About this exercise:
Could the listing below be returned exactly, with its pictures left out?

Dataset content:
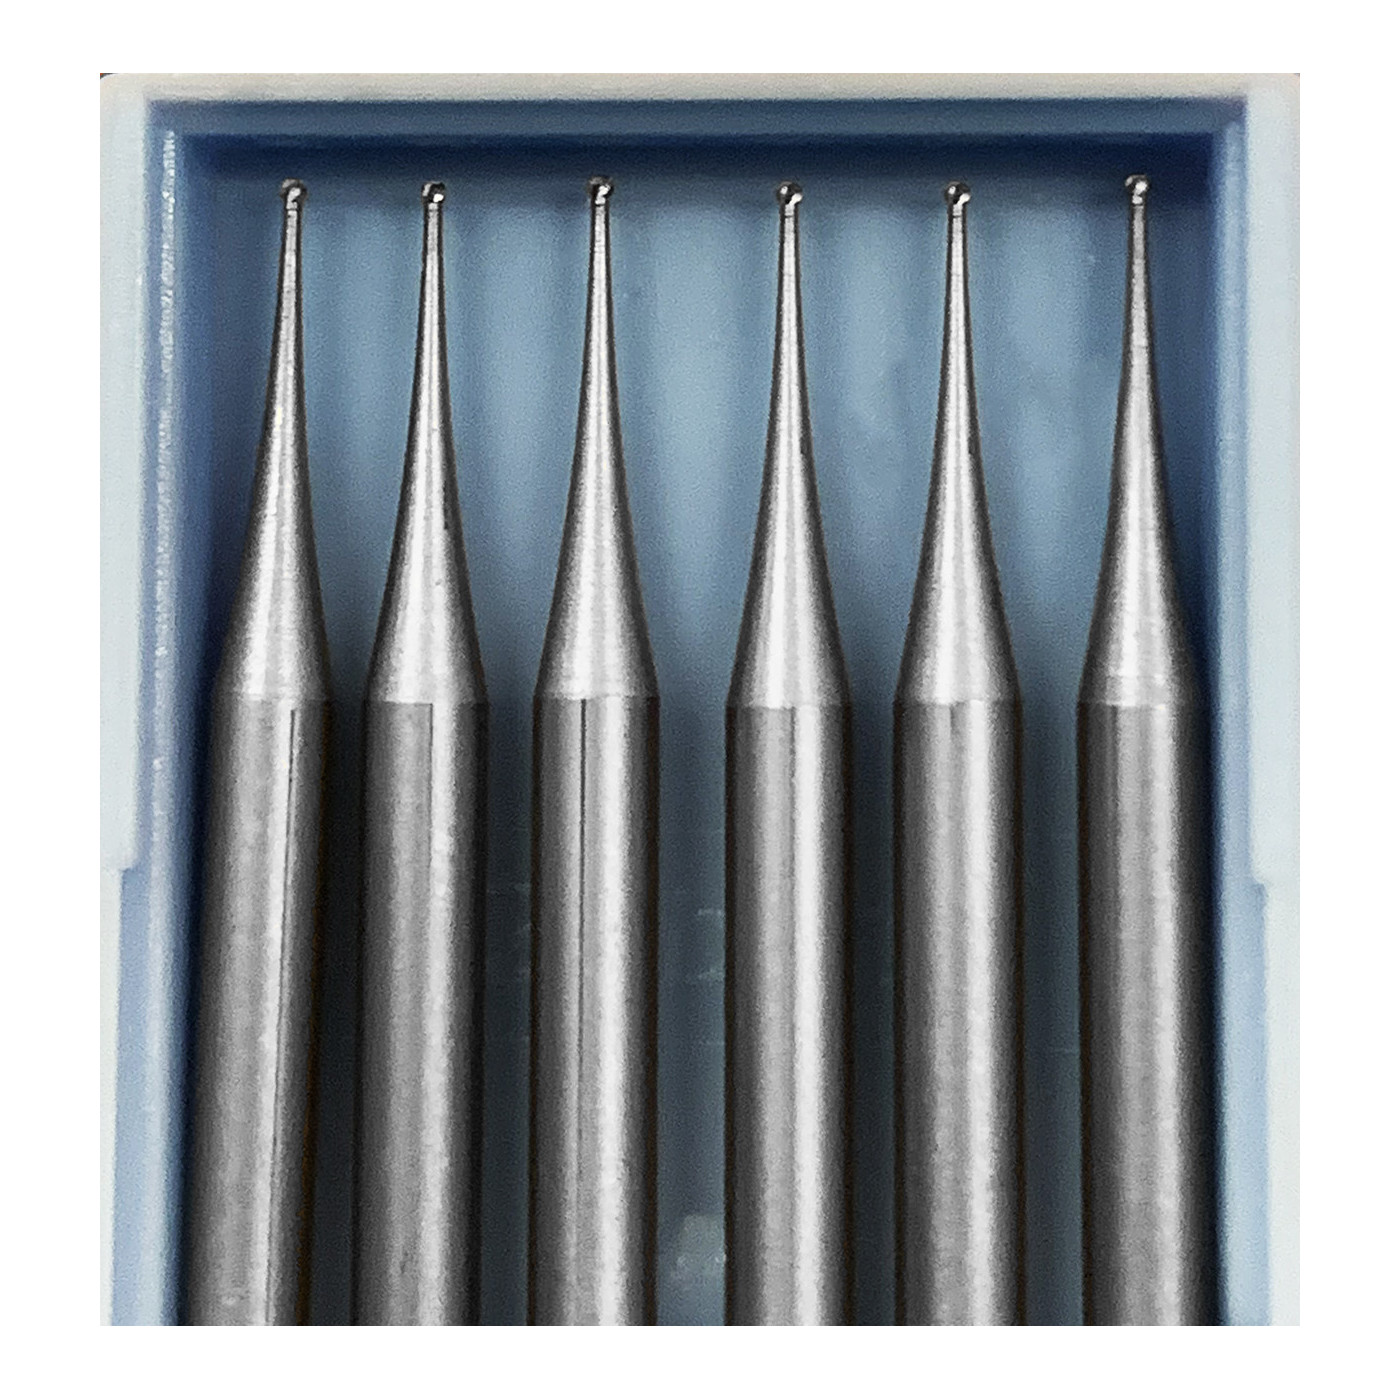 6 HSS mini milling cutters, 1.0x40 mm (ball nose only)
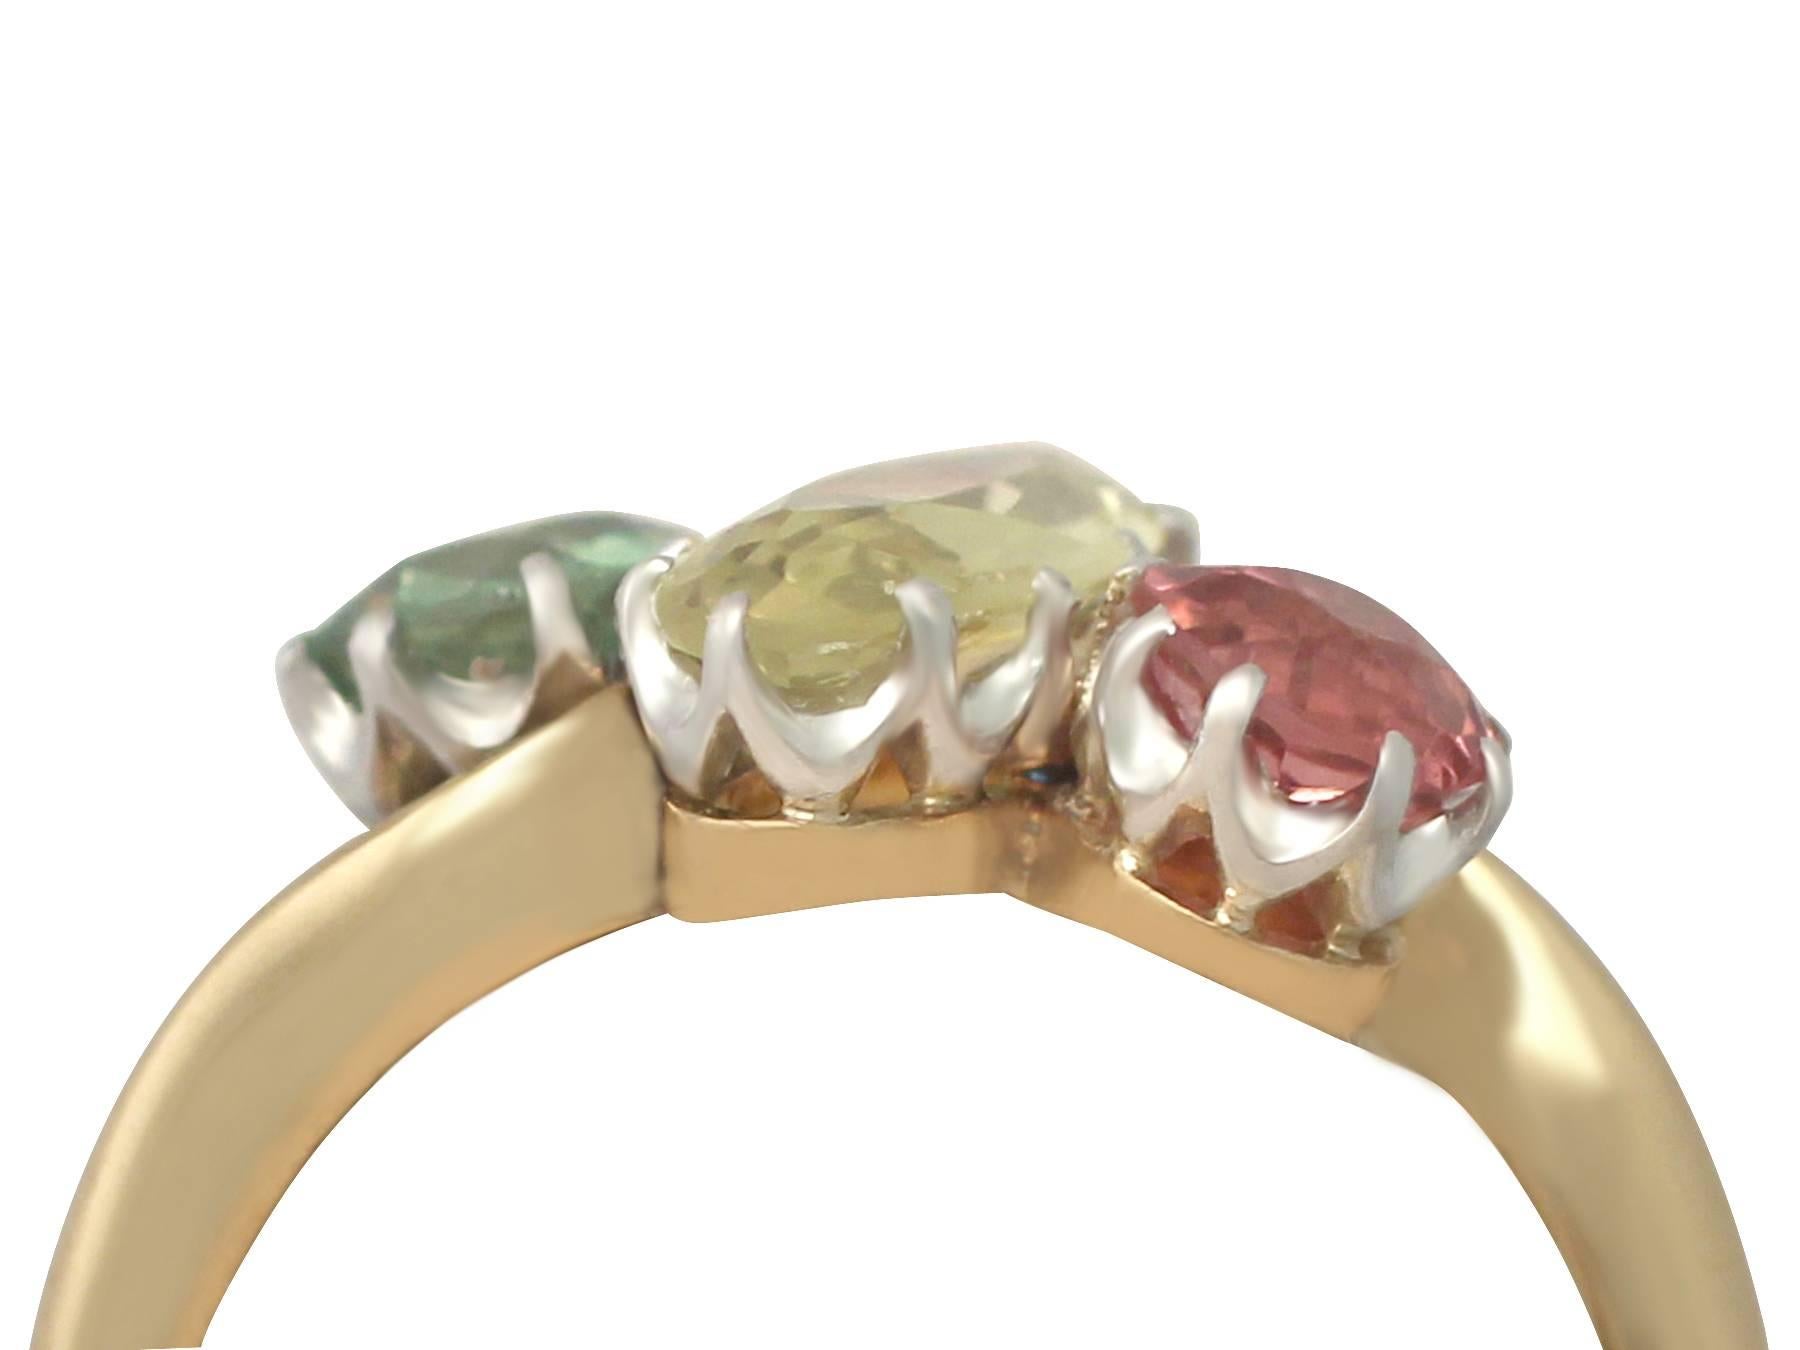 A stunning antique 1.40 carat yellow sapphire and 0.98 carat demantoid garnet, 0.57 carat pink tourmaline and 18k yellow gold trilogy twist ring with a platinum setting; part of our diverse antique jewellery and estate jewelry collections

This

Answer section:
 6 HSS mini milling cutters, 1.0x40 mm (ball nose only)
 A stunning antique 1.40 carat yellow sapphire and 0.98 carat demantoid garnet, 0.57 carat pink tourmaline and 18k yellow gold trilogy twist ring with a platinum setting; part of our diverse antique jewellery and estate jewelry collections

This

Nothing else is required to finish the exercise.